Gli autori della lettera-manifesto dell’opposizione si presentano come persone spinte da senso di responsabilità di fronte ai gravissimi pericoli che corre il paese e si rivolgono al governo legittimo del paese. Ecco il punto: l’opposizione moderata, mettendo da parte ogni spirito polemico, manifesta un ulteriore atto di fiducia nel capo dello stato, l’ayatollah Alì Khamenei, implicitamente accreditandolo come persona capace di dare una svolta a una situazione che, sotto molti aspetti, si presenta come un cul de sac da cui è difficilissimo per l’Iran uscire senza danni.
Che dire? Se l’Onda Verde è stata una grande occasione perduta dall’Iran, questo ennesimo appello contenuto nella lettera-manifesto testimonia che forse non era l’ultima. All’interno del paese, da una opposizione che è stata in tutti i modi repressa e tenuta a bada - ma che non ha mai cessato di far sentire la sua voce, capace tuttora di mettere in crisi le coscienze più critiche interne al regime - ancora una volta si leva una speranza e un progetto alternativo. Se davvero il regime accettasse il programma espresso nella lettera-manifesto, anche soltanto nella parte che concerne la sospensione dell’arricchimento dell’uranio, si potrebbe dire che saremmo davvero all’inizio di una svolta. I falchi repubblicani in America da un lato, Netaniahu e amici guerrafondai dall’altra, ne avrebbero le unghie spuntate. Specialmente se, a questo difficile ma necessario passo, ne seguissero altri nel senso della democratizzazione delle strutture politiche di un grande paese, profondamente moderno nella sua società (si pensi che il farsi è oggi la quarta o quinta lingua più diffusa sul web, che le donne sono la maggioranza nelle università e in molte professioni, che i tecnocrati, i medici e gli ingegneri iraniani si sono formati nelle migliori università europee e americane), ma ancora troppo frenato da una gerontocrazia religiosa nostalgica dei miti della Rivoluzione e attaccata ai suoi privilegi.

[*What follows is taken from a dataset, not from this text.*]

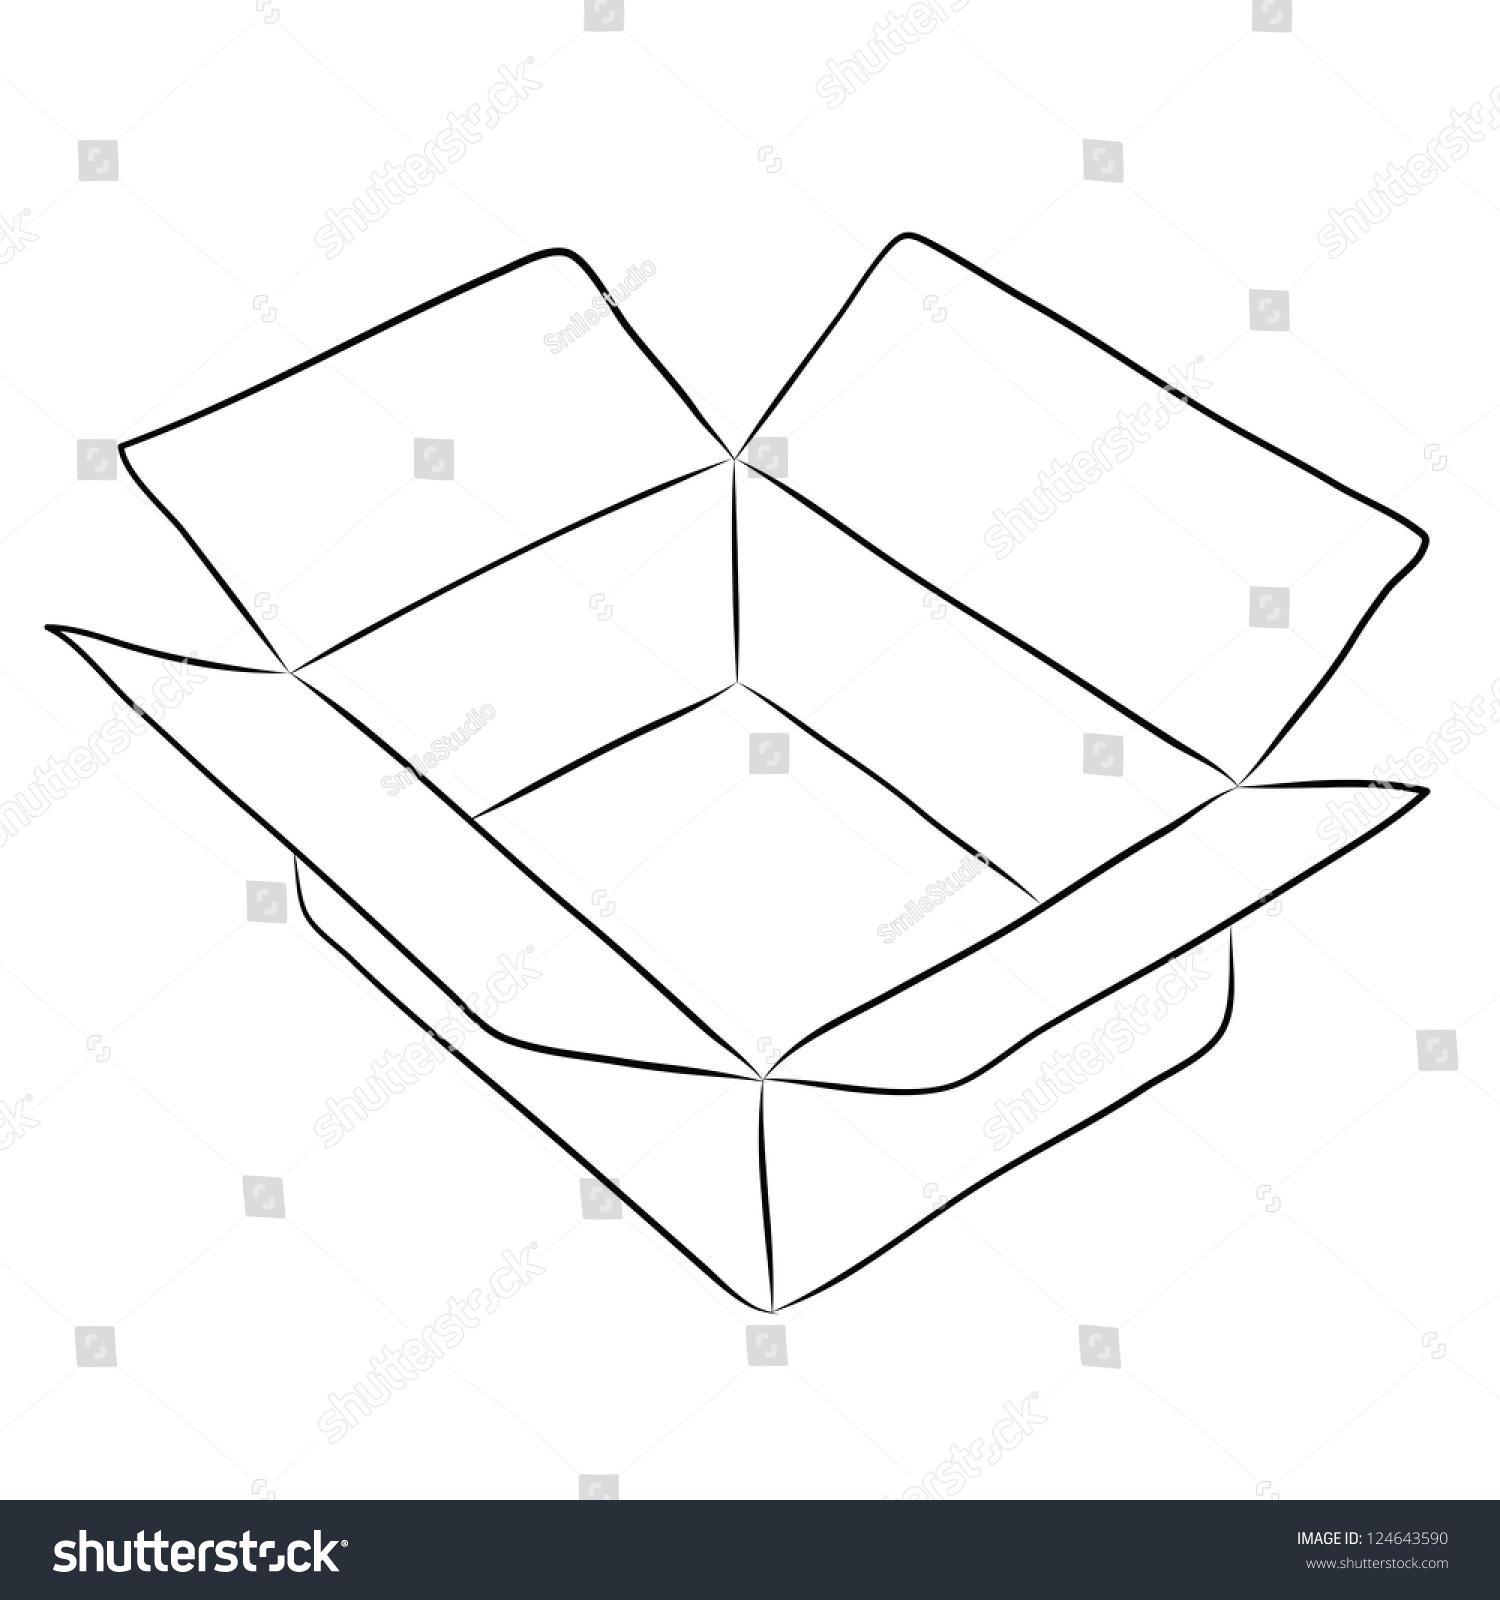 Line Art Box Design : Drawing of box stock vector illustration

L’Iran di oggi molto si aspetta dall’esito delle prossime elezioni presidenziali: l’attuale presidente Ahmadinejad, inviso a molti settori dell’establishment religioso, è già al secondo mandato e non può più ripresentarsi; e ci sono voci che all’interno del regime si stia già preparando la strada per una candidatura più presentabile sia in chiave internazionale, sia rispetto alle esigenze di riavviare un processo interno di conciliazione nazionale. In questa situazione, segnata dalla percezione che ormai accomuna tutti - il regime e l’opposizione - di un grave e imminente pericolo nazionale, anche figure prestigiose come quella dell’ex-presidente Khatami - sempre critico ma mai in rotta aperta con il regime - potrebbero ritornare in gioco. Davvero l’Iran potrebbe riservarci delle sorprese nei prossimi mesi e forse, chissà, una “primavera iraniana” potrebbe finalmente coronare i sogni di quell’Onda Verde che, pur repressa, è servita secondo molti osservatori da modello ai più fortunati movimenti della recente primavera araba.